> **What is expected**
Please give the data again in full, precisely as it is written.

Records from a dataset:
════════

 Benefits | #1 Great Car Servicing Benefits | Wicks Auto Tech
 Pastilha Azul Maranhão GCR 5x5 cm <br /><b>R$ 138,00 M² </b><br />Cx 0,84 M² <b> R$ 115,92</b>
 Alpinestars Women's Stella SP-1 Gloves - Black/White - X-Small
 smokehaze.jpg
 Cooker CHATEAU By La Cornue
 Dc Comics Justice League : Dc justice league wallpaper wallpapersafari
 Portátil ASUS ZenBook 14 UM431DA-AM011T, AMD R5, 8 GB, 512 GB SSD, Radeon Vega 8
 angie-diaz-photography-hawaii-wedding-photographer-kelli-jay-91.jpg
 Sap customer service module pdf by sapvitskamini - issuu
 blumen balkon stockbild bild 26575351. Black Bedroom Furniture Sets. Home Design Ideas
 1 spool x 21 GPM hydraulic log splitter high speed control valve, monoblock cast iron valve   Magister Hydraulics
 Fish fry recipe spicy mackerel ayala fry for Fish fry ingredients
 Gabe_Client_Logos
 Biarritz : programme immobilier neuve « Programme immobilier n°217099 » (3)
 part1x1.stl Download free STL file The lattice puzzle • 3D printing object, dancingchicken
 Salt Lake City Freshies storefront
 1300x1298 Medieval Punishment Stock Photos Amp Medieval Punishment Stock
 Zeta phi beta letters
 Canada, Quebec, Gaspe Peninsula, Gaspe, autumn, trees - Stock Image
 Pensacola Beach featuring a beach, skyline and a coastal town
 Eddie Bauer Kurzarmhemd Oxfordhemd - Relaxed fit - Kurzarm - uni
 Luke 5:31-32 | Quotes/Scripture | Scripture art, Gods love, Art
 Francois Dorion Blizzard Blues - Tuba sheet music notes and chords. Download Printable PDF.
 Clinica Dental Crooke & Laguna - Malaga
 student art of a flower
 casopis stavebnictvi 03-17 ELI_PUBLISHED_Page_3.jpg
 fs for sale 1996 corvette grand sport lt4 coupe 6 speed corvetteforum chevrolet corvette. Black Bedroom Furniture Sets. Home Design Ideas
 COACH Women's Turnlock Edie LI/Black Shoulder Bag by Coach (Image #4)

════════

> **Response for this exercise**
 Benefits | #1 Great Car Servicing Benefits | Wicks Auto Tech
 Pastilha Azul Maranhão GCR 5x5 cm <br /><b>R$ 138,00 M² </b><br />Cx 0,84 M² <b> R$ 115,92</b>
 Alpinestars Women's Stella SP-1 Gloves - Black/White - X-Small
 smokehaze.jpg
 Cooker CHATEAU By La Cornue
 Dc Comics Justice League : Dc justice league wallpaper wallpapersafari
 Portátil ASUS ZenBook 14 UM431DA-AM011T, AMD R5, 8 GB, 512 GB SSD, Radeon Vega 8
 angie-diaz-photography-hawaii-wedding-photographer-kelli-jay-91.jpg
 Sap customer service module pdf by sapvitskamini - issuu
 blumen balkon stockbild bild 26575351. Black Bedroom Furniture Sets. Home Design Ideas
 1 spool x 21 GPM hydraulic log splitter high speed control valve, monoblock cast iron valve   Magister Hydraulics
 Fish fry recipe spicy mackerel ayala fry for Fish fry ingredients
 Gabe_Client_Logos
 Biarritz : programme immobilier neuve « Programme immobilier n°217099 » (3)
 part1x1.stl Download free STL file The lattice puzzle • 3D printing object, dancingchicken
 Salt Lake City Freshies storefront
 1300x1298 Medieval Punishment Stock Photos Amp Medieval Punishment Stock
 Zeta phi beta letters
 Canada, Quebec, Gaspe Peninsula, Gaspe, autumn, trees - Stock Image
 Pensacola Beach featuring a beach, skyline and a coastal town
 Eddie Bauer Kurzarmhemd Oxfordhemd - Relaxed fit - Kurzarm - uni
 Luke 5:31-32 | Quotes/Scripture | Scripture art, Gods love, Art
 Francois Dorion Blizzard Blues - Tuba sheet music notes and chords. Download Printable PDF.
 Clinica Dental Crooke & Laguna - Malaga
 student art of a flower
 casopis stavebnictvi 03-17 ELI_PUBLISHED_Page_3.jpg
 fs for sale 1996 corvette grand sport lt4 coupe 6 speed corvetteforum chevrolet corvette. Black Bedroom Furniture Sets. Home Design Ideas
 COACH Women's Turnlock Edie LI/Black Shoulder Bag by Coach (Image #4)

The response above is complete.